# this is a good one



## MD plumber (Jan 11, 2011)

This was in the attic of a house I was giving a price on 3" cast vent ran into chimney I guess someone did not want to get on the roof. The real funny part is that there was an ABS vent ran into the other side. I guess the guy doing the newer work thought it was a good idea too. I laughed for a few minutes before I told the homeowner how wrong it was. 

Sent from my DROIDX using Plumbing Zone


----------



## ironandfire (Oct 9, 2008)

That's the way the used to do it in the old days.


----------



## sheeptown44 (Oct 31, 2010)

Silly question but does it 90 inthe chimmney and get piped above or what, first time see'n that


----------



## user2090 (Sep 26, 2009)

I have seen some dumb things, and that would go along with it.


----------



## MD plumber (Jan 11, 2011)

ironandfire said:


> That's the way the used to do it in the old days.


I have worked in a lot of old houses and never ran into that.

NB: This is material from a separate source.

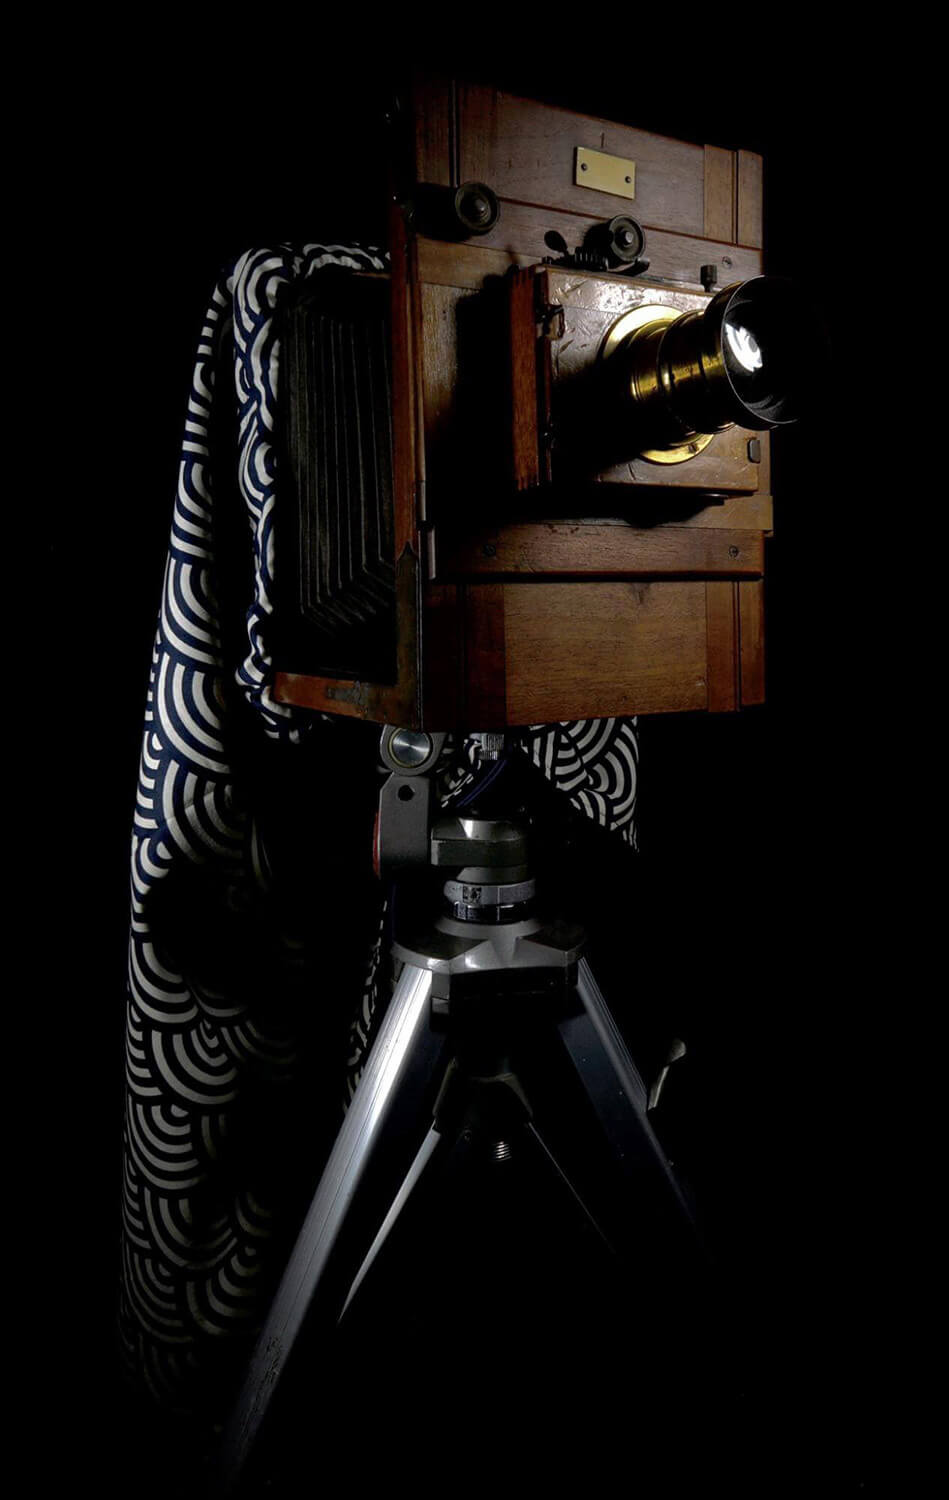 19th Century French 13x18 Tailboard camera, wearing the wonderful custom darkcloth made by Dan K (@ZDP189)

Sent from my DROIDX using Plumbing Zone


----------



## MD plumber (Jan 11, 2011)

sheeptown44 said:


> Silly question but does it 90 inthe chimmney and get piped above or what, first time see'n that[/QUOT
> 
> Im not sure
> 
> Sent from my DROIDX using Plumbing Zone


----------



## ironandfire (Oct 9, 2008)

Should be off a turlet.


----------



## LEAD INGOT (Jul 15, 2009)

I've seen that where I'm at, except it was orangeburg. I'm not kidding.


----------



## sheeptown44 (Oct 31, 2010)

GIant flame thrower, Just have fire going and Dunbar on the bidet. sorry dunbar.


----------



## skitian (Apr 5, 2011)

MD plumber said:


> This was in the attic of a house I was giving a price on 3" cast vent ran into chimney I guess someone did not want to get on the roof. The real funny part is that there was an ABS vent ran into the other side. I guess the guy doing the newer work thought it was a good idea too. I laughed for a few minutes before I told the homeowner how wrong it was.
> 
> Sent from my DROIDX using Plumbing Zone


Don't you know, it's the new all in one whole house vent. Roofers were tired of too many penetrations.


----------



## ironandfire (Oct 9, 2008)

MD plumber said:


> This was in the attic of a house I was giving a price on 3" cast vent ran into chimney I guess someone did not want to get on the roof. The real funny part is that there was an ABS vent ran into the other side. I guess the guy doing the newer work thought it was a good idea too. I laughed for a few minutes before I told the homeowner how wrong it was.
> 
> Sent from my DROIDX using Plumbing Zone


It's called a local vent. :icon_biggrin:


----------



## RealLivePlumber (Jun 22, 2008)

ironandfire said:


> It's called a local vent. :icon_biggrin:


You are kidding, right?


----------



## ironandfire (Oct 9, 2008)

Nope.


----------



## ironandfire (Oct 9, 2008)

RealLivePlumber said:


> You are kidding, right?


Local vent was used to pull oder from the bowl, heat from the chimney provided the draw.


----------



## MD plumber (Jan 11, 2011)

ironandfire said:


> Local vent was used to pull oder from the bowl, heat from the chimney provided the draw.


 
No sh#t I thought you were kidding also until i google searched it. Learn something new every day.


----------



## ironandfire (Oct 9, 2008)

:icon_biggrin:


MD plumber said:


> No sh#t I thought you were kidding also until i google searched it. Learn something new every day.


----------



## Tommy plumber (Feb 19, 2010)

MD plumber said:


> This was in the attic of a house I was giving a price on 3" cast vent ran into chimney I guess someone did not want to get on the roof. The real funny part is that there was an ABS vent ran into the other side. I guess the guy doing the newer work thought it was a good idea too. I laughed for a few minutes before I told the homeowner how wrong it was.
> 
> Sent from my DROIDX using Plumbing Zone


 



No no no, you guys are all wrong. The plumber didn't run his vent into the chimney, the mason installed his chimney into the plumber's vents!


----------



## ironandfire (Oct 9, 2008)

O. K. If you like a little history you'll like this, if not, Oh well. This pic shows the local vent connection. This thing was basically a big funnel on a tailpiece. LOL The fixture had little ability to wash thus the stink.


----------